# Force/Rival Compact Crankset



## Weav (Jun 21, 2009)

Is Force crankset a good upgrade over Rival crankset? I have a full rival setup and have been thinking of upgrading the crankset. Considered Fulcrum Torq-R and Force GXP Crankset.


----------



## slegros (Sep 22, 2009)

I have run both Rival and Red. No difference other than a few grams.... The Rival crankset is awesome, hollow arms, and very stiff. Similar construction to the Dura-Ace cranks. I'd put the money elsewhere.


----------



## ziscwg (Apr 19, 2010)

Agreed, put your money elsewhere. 

Like wheels....................

Well, unless there is something wrong with the cranks for you, like std vs compact.


----------



## Weav (Jun 21, 2009)

ziscwg said:


> Agreed, put your money elsewhere.
> 
> Like wheels....................
> 
> Well, unless there is something wrong with the cranks for you, like std vs compact.


No, nothing wrong. Wheels are fine, Dura Ace 7850SL, just wondering what should be next on the radar. I heard that Rival cranks are a bit flexy.


----------



## asad137 (Jul 29, 2009)

> I heard that Rival cranks are a bit flexy. 

Do you feel it flex yourself?
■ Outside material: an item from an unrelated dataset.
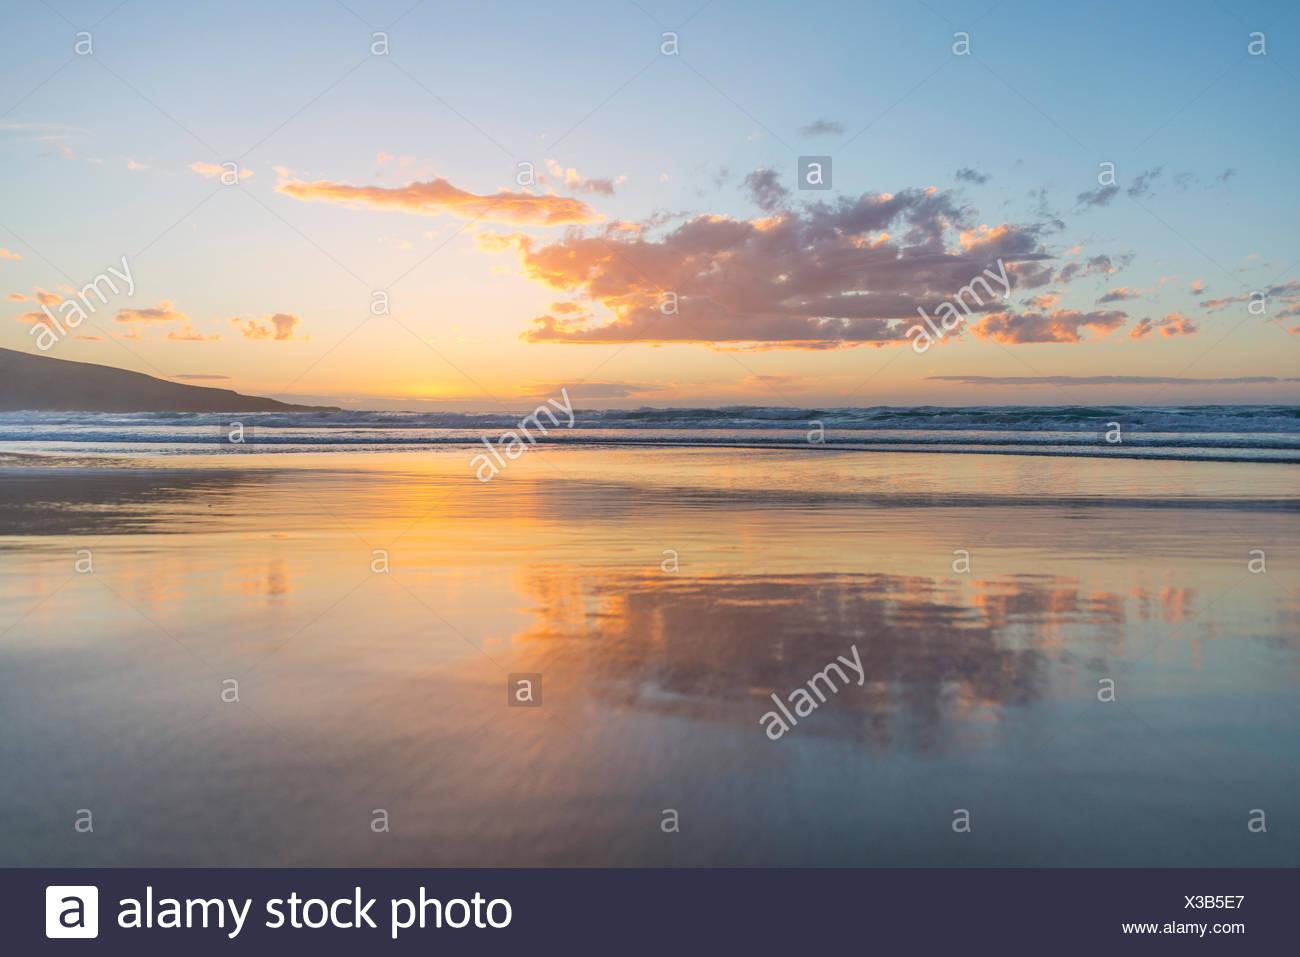 Reflection, sunset over the sea, Sandfly Bay, Dunedin, Otago, South Island, New Zealand - Stock Image

Have you noticed any issues that you can attribute to crank flex?

Asad


----------



## cxwrench (Nov 9, 2004)

asad137 said:


> > I heard that Rival cranks are a bit flexy.
> 
> Do you feel it flex yourself? Have you noticed any issues that you can attribute to crank flex?
> 
> Asad


i'd think there would be plenty of other things that would cause problems that you'd notice before you got to Rival cranks being too flexible.


----------



## asad137 (Jul 29, 2009)

cxwrench said:


> i'd think there would be plenty of other things that would cause problems that you'd notice before you got to Rival cranks being too flexible.


That was my point 

Asad


----------



## Ppopp (Jun 20, 2011)

I had my Rival bike stolen earlier this year (purchased summer of 2009), recently replaced it with a Look 585 with a Force group (current version). Overall, very little difference in performance or feel. The Force group is lighter, but only a little I believe. I'm a lightweight, and probably the last who could ever flex a crankset. But the Force group is WAYYYYY prettier, especially the crank and levers. Depends on how much value you put on that. I bought my build kit from Excel, and the difference in price between the Rival and Force kits was only a little over $200, so it was a no-brainer for me.

If SRAM ever gives Rival a cosmetic upgrade and a carbon fiber crank they'll have to do something special with the Force group, because that will really close the gap between the two.


----------



## ziscwg (Apr 19, 2010)

Weav said:


> No, nothing wrong. Wheels are fine, Dura Ace 7850SL, just wondering what should be next on the radar. I heard that Rival cranks are a bit flexy.


Well maybe go big and get the Red or Force crank set with a SRM power meter.


----------



## ScottF (Aug 22, 2011)

sram rival is as good as ultegra or better


----------